Difference between using a propensity score for matching vs. regression analysis So I am confused on what the difference is if I match patients based on propensity scores vs. using the propensity score and then applying that into a multivariate regression analysis? Is there a difference? One you match 1:1 and disgard the groups that dont match, and the other you stratify  patients based on weights? confused....need hlep
 A: There are four common ways of using propensity scores (PS) to reduce confounding and arrive at an unbiased estimate of a causal effect. These are PS matching, PS weighting, PS subclassification, and regression on the PS. There have been systematic studies on the relative performance of these methods, but new variations of them always come out and it's not always immediately clear whether the new methods will adhere to the hierarchy of methods commonly assumed. Each method has its strengths and weaknesses. They vary mostly in their empirically untestable assumptions and on their empirical performance. 
I'll only talk about PS matching and regression on the PS. One important concept to know is the relationship between the PS and the outcome. We have to assume there is some functional relationship, so that in theory we could model the outcome "correctly" as a function of treatment and the propensity score.
PS Matching
PS matching involves estimating a PS for each unit (usually using logistic regression), then, for each treated unit, finding one or more control units with a similar PS, and discarding the unmatched control units.
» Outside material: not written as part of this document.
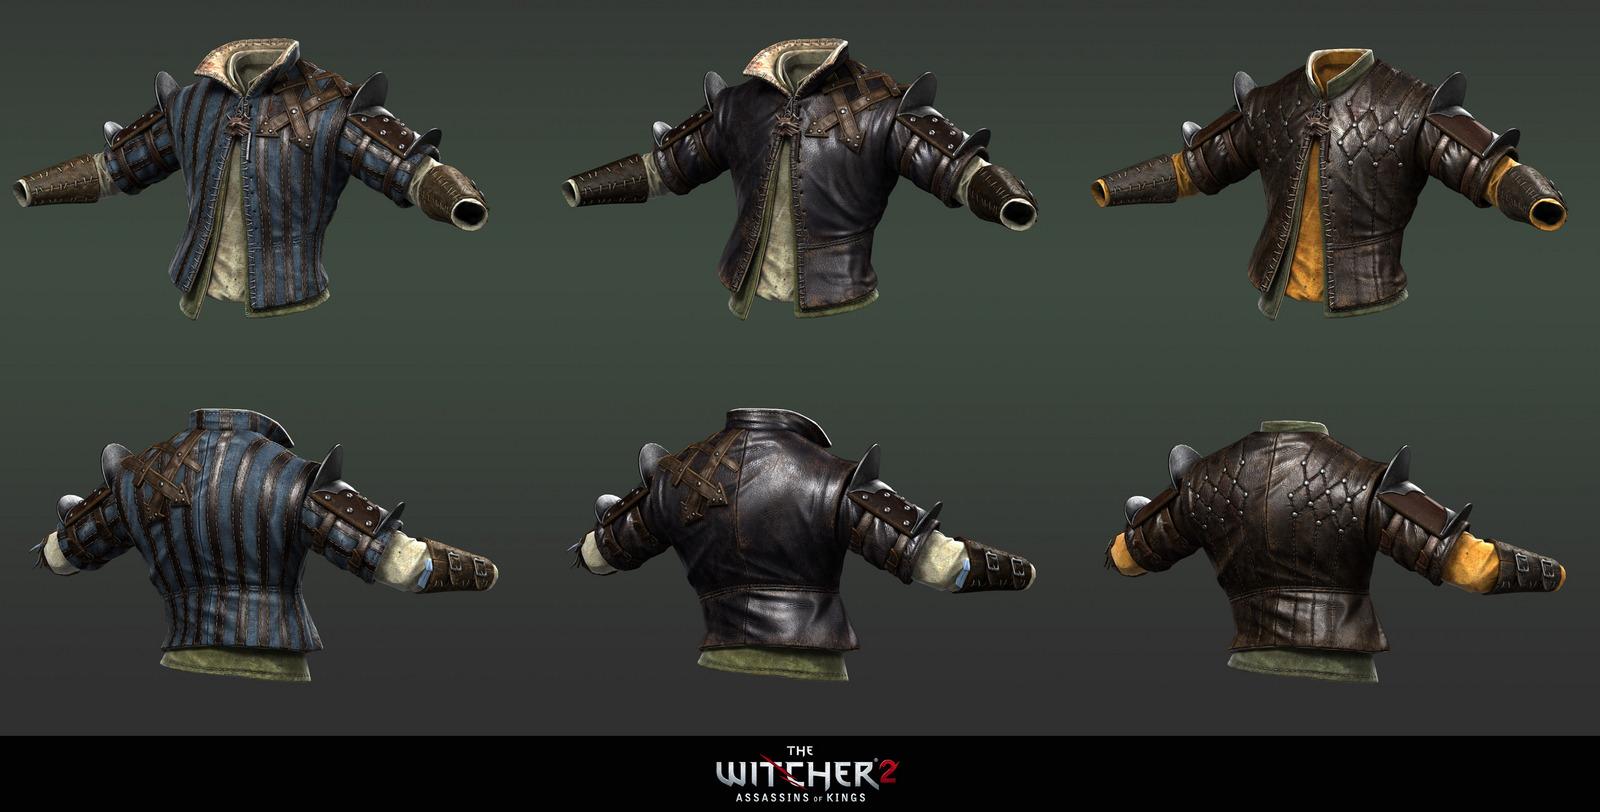 Witcher 2 Armors 3 By Scratcherpen On Deviantart

Variations include how many control units to match, whether they should be matched with or without replacement, whether a caliper should be used, etc. For now we'll assume 1:1 matching without replacement and without a caliper. PS matching can really only be used to estimate the average treatment effect on the treated (ATT). If the effect of treatment is the same for everyone, then this quantity is equal to the average treatment effect in the population (ATE). 
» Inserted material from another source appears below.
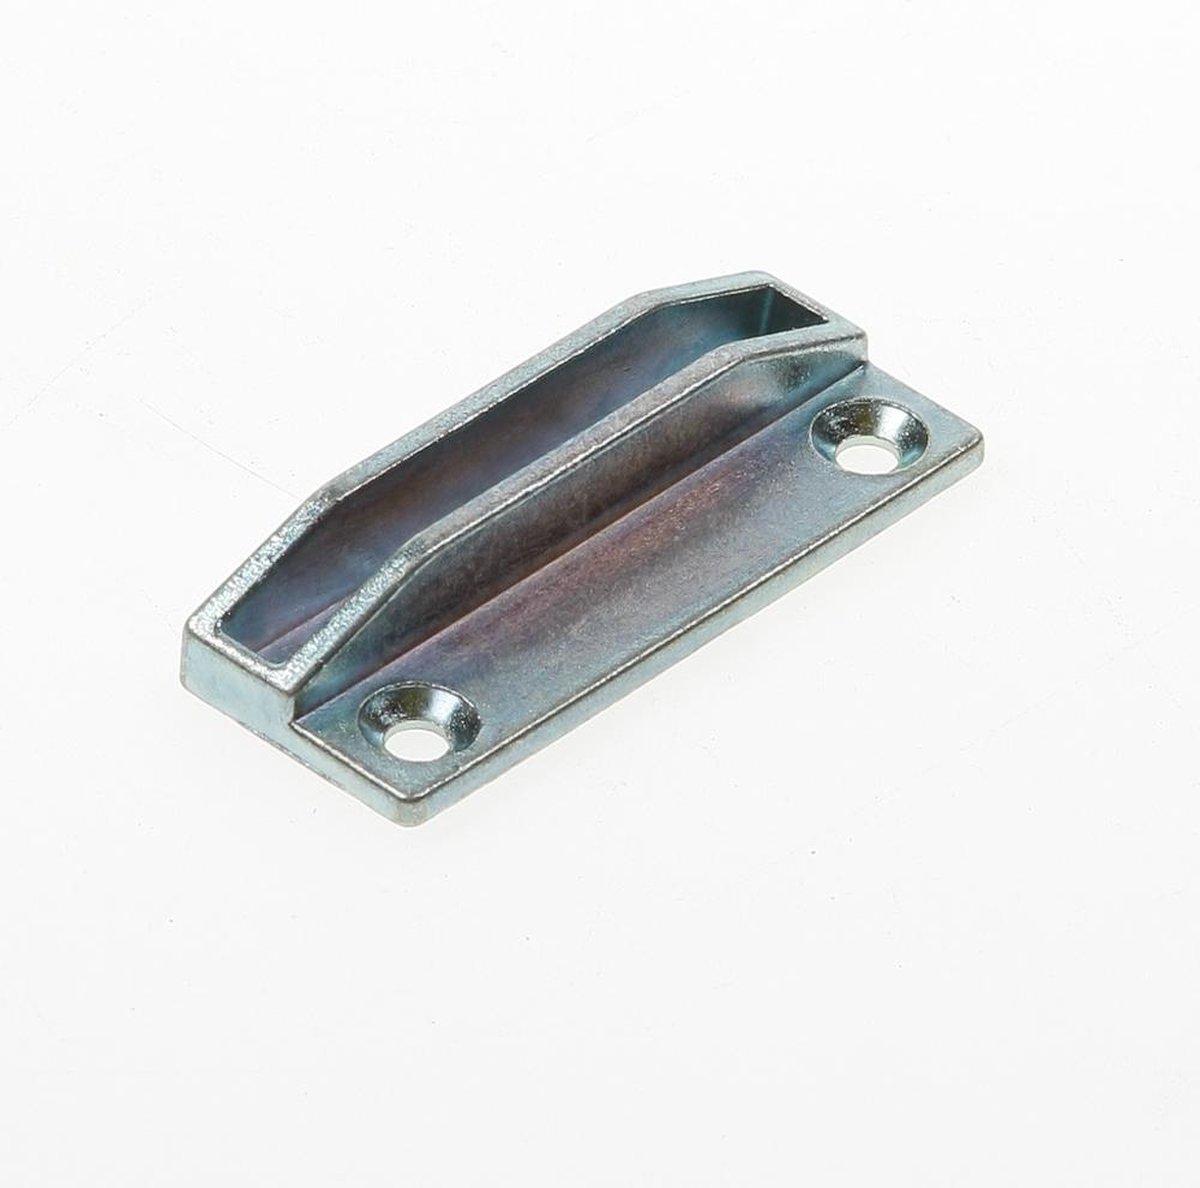 Dulimex RBP 6525B Raamboomplaatje / universeel / 65x25 mm / zamac / verzinkt

With a correctly modeled propensity score and exact matching on the propensity score, the treatment effect estimate for 1:1 PS matching will be unbiased. What's nice about this is that it doesn't matter what the relationship between the outcome and the PS is; if exact matching on the PS is performed, the effect estimate will be unbiased, as guaranteed by Rosenbaum & Rubin (1983). In practice, though, the PS is not modeled correctly, and it's impossible to do exact matching on the PS. So the properties only hold approximately. To assess the plausibility of unbiased estimation in your sample, you can check balance on the covariates after matching. If they are balanced and if the outcome is a linear combination of the covariates that are balanced, then the effect estimate will be unbiased even if the PS model is incorrect or the matching is inexact. This is the "propensity score tautology", which says that if the propensity score yields balance, then it is a valid propensity score, because the purpose of the propensity score is to create balance. Definitely read Ho et al. (2007), who describe the tautology and other fine points; it contains many subtle points that may broaden your understanding.
Regression on the PS
Regression on the PS involves estimating a PS, and then regressing the outcome on the PS and the treatment. Regressing the outcome on the PS is one way of "conditioning" on the PS, and thanks to Rosenbaum & Rubin (1983), we know that the treatment effect estimate is unbiased conditional on the PS. Variations include regression on the linear PS and other transformations, flexible modeling of the PS and/or outcome with splines, and using Bayesian additive regression trees (BART) with a PS to generate estimated potential outcomes. For now, we'll assume linear regression on the PS.
With a correctly modeled PS and a correctly modeled functional relationship between the outcome and the PS, it is possible to estimate an average treatment effect. If the treatment effect is the same for all units, the coefficient on the treatment is the ATE. Otherwise, you can estimate a treatment effect for each possible PS value (see this post). The average treatment effect for everyone, estimated at their respective PS, is the ATE. In practice, though, the PS is not modeled correctly, and the functional relationship between the outcome and the treatment and PS is not modeled correctly. A common error is to not include an interaction between the PS and the treatment in the outcome model. In these cases, there is no reason the treatment effect estimate will be even moderately unbiased. For this reason, many methodologists recommend against using regression on the PS unless using a flexible model like BART. You cannot assess the degree to which regression on the PS will remove bias (i.e., the concept of balance doesn't exactly apply, so you can't check balance), so regression on the PS requires very strong assumptions which are almost guaranteed to be false in real data.
Overall, matching is superior to regression from a theoretical point of view and empirically, but matching itself has many weaknesses as well. You might want to look into methods that don't rely strictly on the propensity score, such as BART and targeted minimum loss-based estimation (TMLE), which require few assumptions and tend to yield unbiased estimates.